Problem description
Do not include the pictures; repeat the rest of the data exactly.

Input data
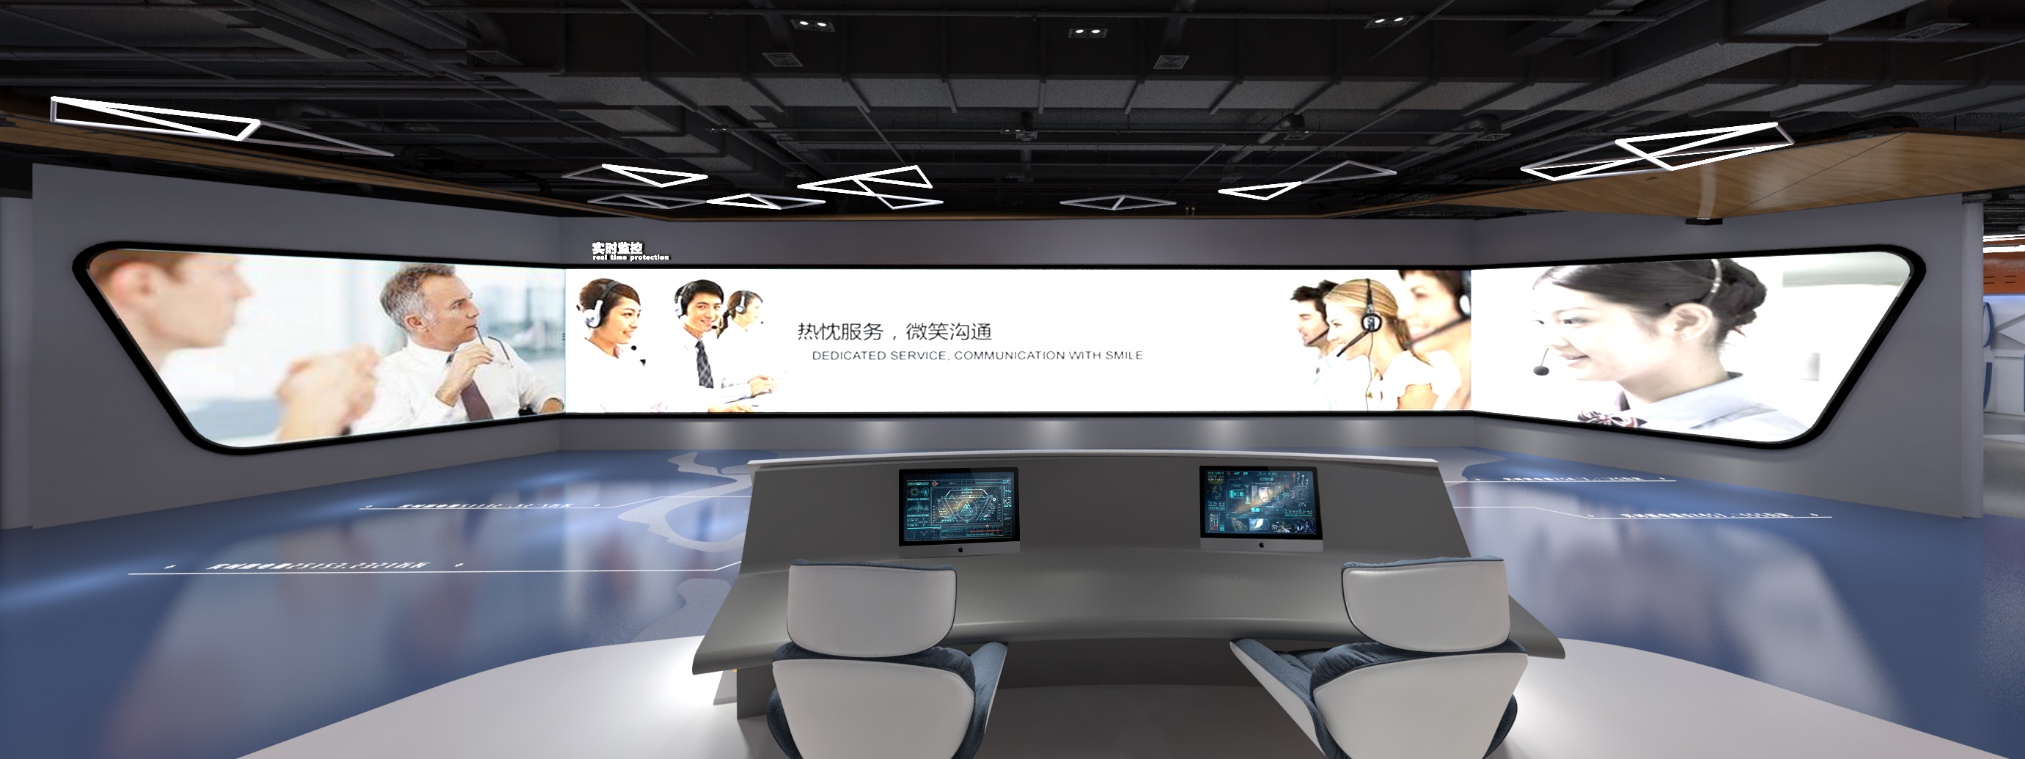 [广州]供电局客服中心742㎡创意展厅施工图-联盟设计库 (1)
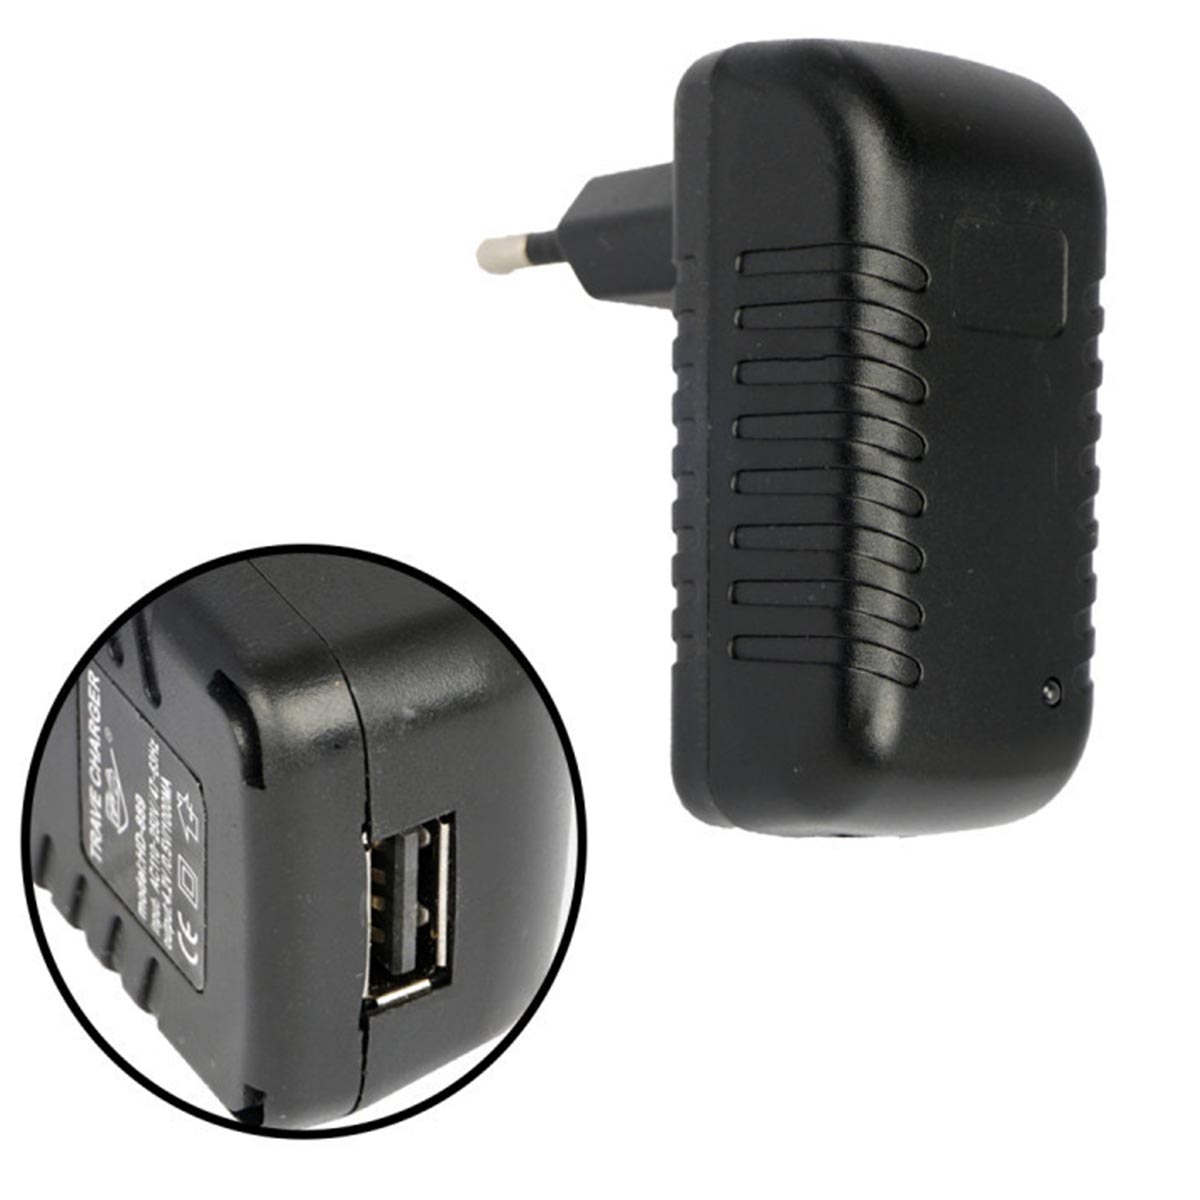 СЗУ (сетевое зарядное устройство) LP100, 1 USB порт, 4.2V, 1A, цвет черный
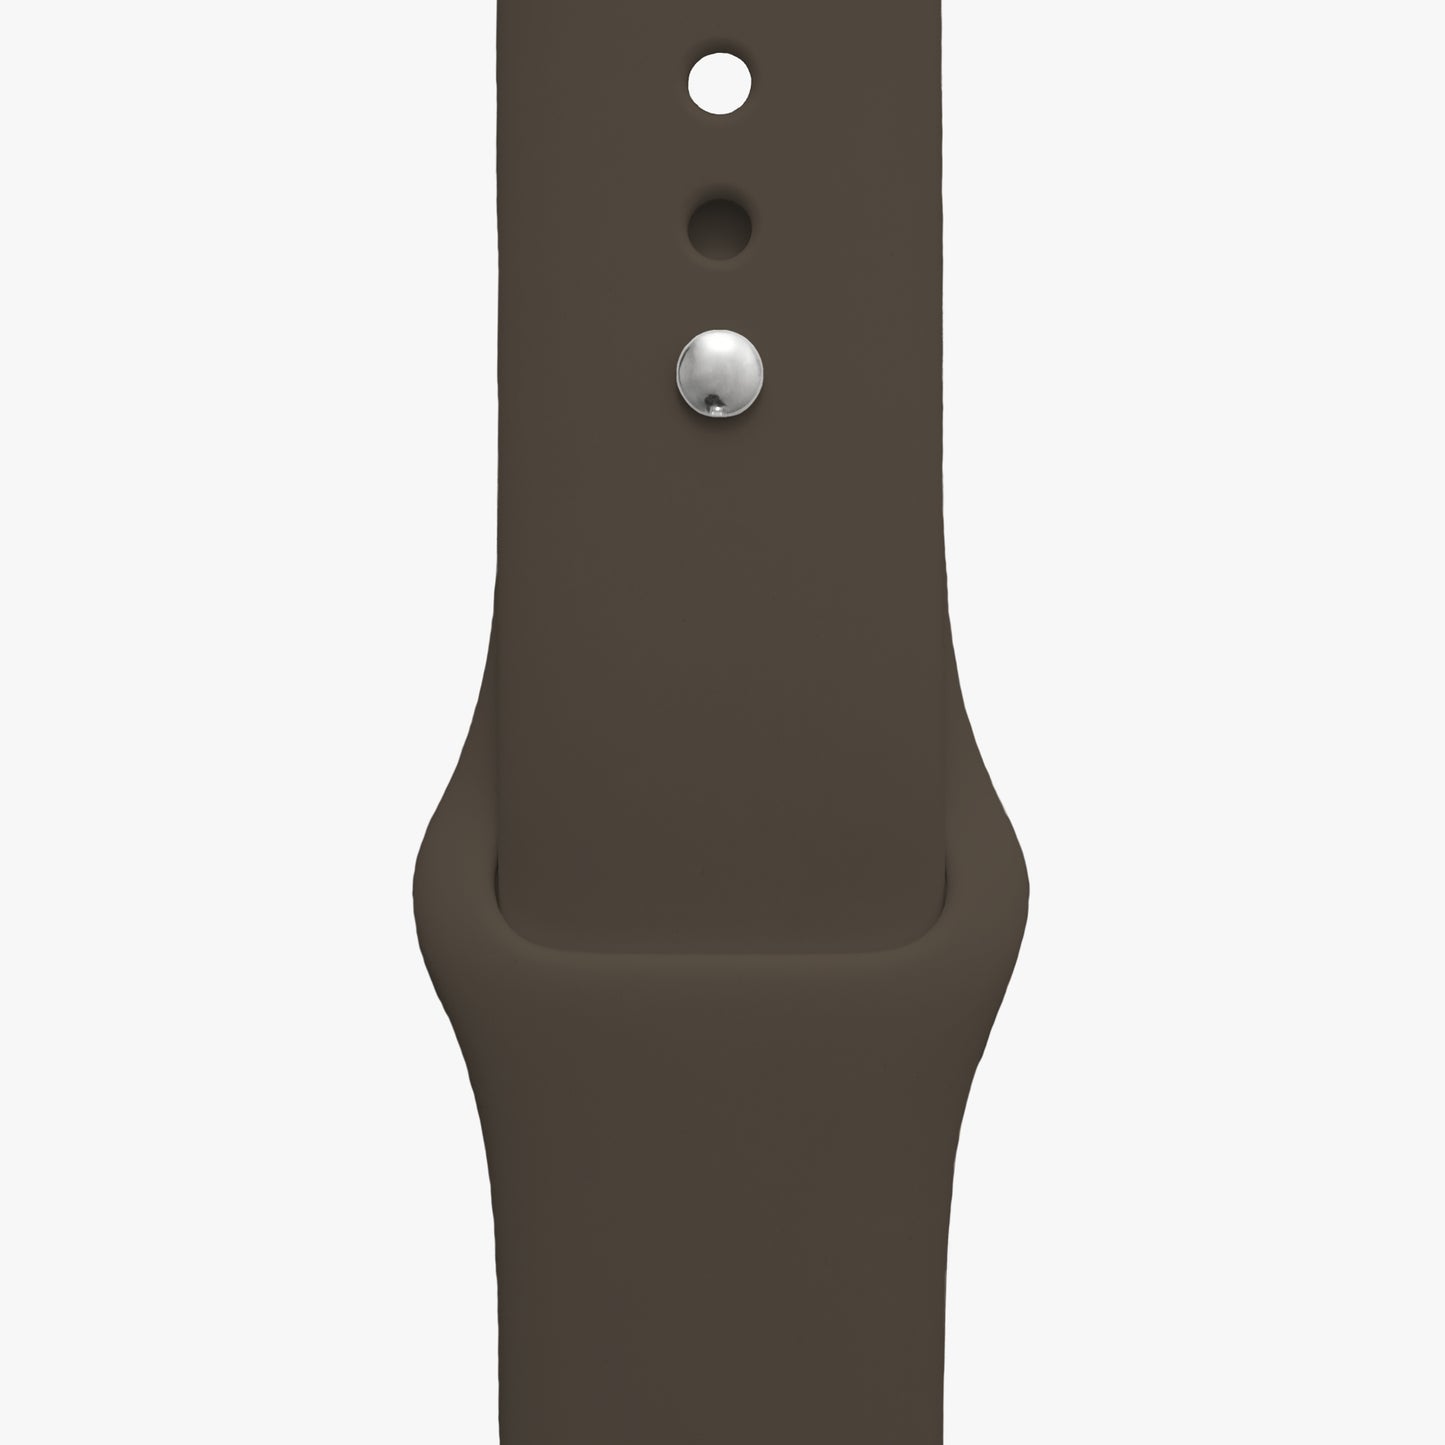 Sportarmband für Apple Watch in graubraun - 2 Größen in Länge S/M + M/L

Output for this exercise
 [广州]供电局客服中心742㎡创意展厅施工图-联盟设计库 (1)
 СЗУ (сетевое зарядное устройство) LP100, 1 USB порт, 4.2V, 1A, цвет черный
 Sportarmband für Apple Watch in graubraun - 2 Größen in Länge S/M + M/L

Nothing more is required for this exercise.